* WHAT THIS TASK INVOLVES *
Repeat the entries exactly. Leave nothing out.

* EXERCISE MATERIALS *
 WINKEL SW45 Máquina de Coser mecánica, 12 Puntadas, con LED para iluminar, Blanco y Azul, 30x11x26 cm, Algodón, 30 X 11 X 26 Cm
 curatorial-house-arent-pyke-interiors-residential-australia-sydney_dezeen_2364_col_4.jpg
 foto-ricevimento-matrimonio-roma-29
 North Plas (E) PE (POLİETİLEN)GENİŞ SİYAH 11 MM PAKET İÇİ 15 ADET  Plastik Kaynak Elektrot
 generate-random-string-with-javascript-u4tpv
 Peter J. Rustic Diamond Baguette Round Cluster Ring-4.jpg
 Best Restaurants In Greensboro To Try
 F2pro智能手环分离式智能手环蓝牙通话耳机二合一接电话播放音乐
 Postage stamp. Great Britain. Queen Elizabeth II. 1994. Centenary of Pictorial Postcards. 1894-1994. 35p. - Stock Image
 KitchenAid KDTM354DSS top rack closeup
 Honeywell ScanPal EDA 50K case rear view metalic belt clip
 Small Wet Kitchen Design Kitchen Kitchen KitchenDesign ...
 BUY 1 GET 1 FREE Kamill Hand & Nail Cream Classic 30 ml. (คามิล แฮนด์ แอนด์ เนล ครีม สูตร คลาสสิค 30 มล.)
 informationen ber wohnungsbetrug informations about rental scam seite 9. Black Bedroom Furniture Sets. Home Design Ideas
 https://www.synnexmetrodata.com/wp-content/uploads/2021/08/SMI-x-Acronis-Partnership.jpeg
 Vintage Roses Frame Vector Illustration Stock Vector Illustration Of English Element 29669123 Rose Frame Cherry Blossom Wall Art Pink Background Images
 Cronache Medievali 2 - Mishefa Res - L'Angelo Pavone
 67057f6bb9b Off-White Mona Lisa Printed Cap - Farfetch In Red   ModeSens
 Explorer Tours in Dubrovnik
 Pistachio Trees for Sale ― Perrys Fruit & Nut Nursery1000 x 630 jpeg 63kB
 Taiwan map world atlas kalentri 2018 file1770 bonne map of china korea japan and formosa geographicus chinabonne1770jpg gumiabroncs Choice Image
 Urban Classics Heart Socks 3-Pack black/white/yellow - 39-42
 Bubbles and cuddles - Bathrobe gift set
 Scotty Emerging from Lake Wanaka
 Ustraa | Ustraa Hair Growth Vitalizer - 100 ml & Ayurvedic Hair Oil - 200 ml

* OUTPUT OF THE EXERCISE *
 WINKEL SW45 Máquina de Coser mecánica, 12 Puntadas, con LED para iluminar, Blanco y Azul, 30x11x26 cm, Algodón, 30 X 11 X 26 Cm
 curatorial-house-arent-pyke-interiors-residential-australia-sydney_dezeen_2364_col_4.jpg
 foto-ricevimento-matrimonio-roma-29
 North Plas (E) PE (POLİETİLEN)GENİŞ SİYAH 11 MM PAKET İÇİ 15 ADET  Plastik Kaynak Elektrot
 generate-random-string-with-javascript-u4tpv
 Peter J. Rustic Diamond Baguette Round Cluster Ring-4.jpg
 Best Restaurants In Greensboro To Try
 F2pro智能手环分离式智能手环蓝牙通话耳机二合一接电话播放音乐
 Postage stamp. Great Britain. Queen Elizabeth II. 1994. Centenary of Pictorial Postcards. 1894-1994. 35p. - Stock Image
 KitchenAid KDTM354DSS top rack closeup
 Honeywell ScanPal EDA 50K case rear view metalic belt clip
 Small Wet Kitchen Design Kitchen Kitchen KitchenDesign ...
 BUY 1 GET 1 FREE Kamill Hand & Nail Cream Classic 30 ml. (คามิล แฮนด์ แอนด์ เนล ครีม สูตร คลาสสิค 30 มล.)
 informationen ber wohnungsbetrug informations about rental scam seite 9. Black Bedroom Furniture Sets. Home Design Ideas
 https://www.synnexmetrodata.com/wp-content/uploads/2021/08/SMI-x-Acronis-Partnership.jpeg
 Vintage Roses Frame Vector Illustration Stock Vector Illustration Of English Element 29669123 Rose Frame Cherry Blossom Wall Art Pink Background Images
 Cronache Medievali 2 - Mishefa Res - L'Angelo Pavone
 67057f6bb9b Off-White Mona Lisa Printed Cap - Farfetch In Red   ModeSens
 Explorer Tours in Dubrovnik
 Pistachio Trees for Sale ― Perrys Fruit & Nut Nursery1000 x 630 jpeg 63kB
 Taiwan map world atlas kalentri 2018 file1770 bonne map of china korea japan and formosa geographicus chinabonne1770jpg gumiabroncs Choice Image
 Urban Classics Heart Socks 3-Pack black/white/yellow - 39-42
 Bubbles and cuddles - Bathrobe gift set
 Scotty Emerging from Lake Wanaka
 Ustraa | Ustraa Hair Growth Vitalizer - 100 ml & Ayurvedic Hair Oil - 200 ml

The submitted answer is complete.